In 2012, the ESSR (European Society for Musculoskeletal Radiology) considered ultrasound the leading method in peripheral synovitis imaging, irrespective of the disease entity. A growing body of literature demonstrates increasing use of US in rheumatological clinical practice and links US to the diagnostic and therapeutic decision-making process of RA [13]. Some clinicians and researchers claim superiority of US when compared with physical examination, plain radiography, and MRI in rheumatic diseases [30]. Despite the available evidence and the diagnostic potential of US findings, many rheumatologists do not utilise this modality to influence their clinical decision-making.
Zhang [86] argues that detecting subclinical arthritis, to assist in improving medical treatment and successfully halt bone erosion, will ultimately improve the quality of life of patients suffering from RA.
Rheumatoid arthritis
RA is a systemic inflammatory polyarthropathy, characterised by chronic inflammation in the synovium, cartilage degradation, and juxta-articular bone erosions [43, 57]. The debilitating disease affects 1% of the population worldwide [27]. Symptoms include pain, stiffness, swelling, and decreased range of motion [11]. RA is also associated with immune cell activation [85] and non-articular complications such as osteoporosis, accelerated atherosclerosis, and increase risk of malignancy and heart disease [9]. The classification criteria of RA are outlined by the American College of Rheumatology (ACR) and European League Against Rheumatoid Arthritis (EULAR).
In Ireland, general practitioners can refer patients to fast access rheumatology clinics if the small joints of the hands or feet are affected symmetrically or other relevant criteria are met. The key stage in the diagnostic process occurs when the patient attends a specialist rheumatology clinic. Traditionally, X-ray of the hands and feet, to identity bony erosions, was the modality of choice to assess severity of inflammation. Presently, US is increasingly utilised, together with clinical assessment and inflammatory biomarkers, due to its improved diagnostic accuracy and assessment of RA.
Ultrasonography as a diagnostic tool for early rheumatoid arthritis
EULAR 2013 recommendations state that diagnostic certainty in RA is improved by imaging in comparison with clinical examination, in addition to accurate assessment of joint inflammation, joint erosion, prediction of treatment response, and disease activity monitoring [10].
The Swiss Sonography in Arthritis and Rheumatism (SONAR) group believe there is rationale for including US assessment for patients with RA in the daily clinical practice of rheumatologists [88] and have developed the SONAR scoring system.
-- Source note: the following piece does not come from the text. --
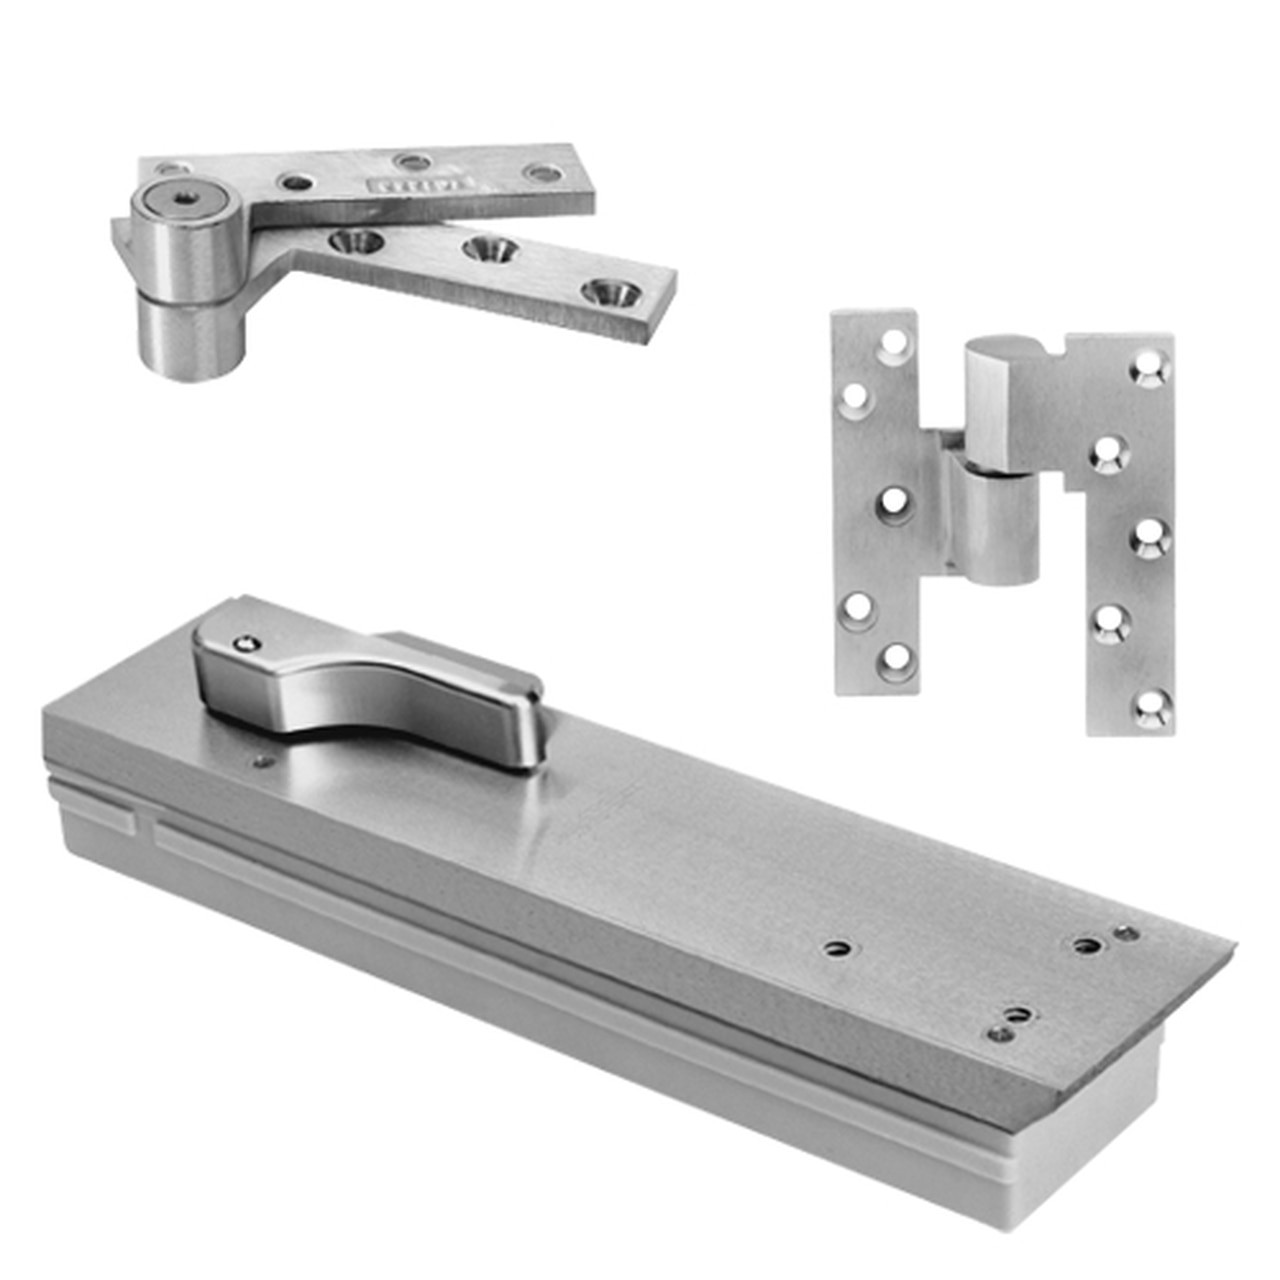 FQ5104NBC-LCC-LH-626 Rixson Q51 Series Fire Rated 3/4" Offset Hung Shallow Depth Floor Closers in Satin Chrome Finish

In the initial stages of rheumatoid synovitis, plain film radiographs may not detect preliminary synovial changes, and patients may only experience non-specific musculoskeletal symptoms [87]. Ultrasonography allows direct visualisation of joint structures, with high sensitivity in detecting pathology, lending it a suitable modality for evaluating RA. The ESSR Arthritis Subcommittee recommend a 4-grade scoring system [53, 74] which has proven high reproducibility among rheumatologists and radiologists [62].
For decades, plain film radiograph has been the diagnostic modality of choice in rheumatology. However, in recent years, US is increasingly selected as diagnostic rheumatoid imaging, revealing subclinical inflammation and predicting progression of joint damage [22].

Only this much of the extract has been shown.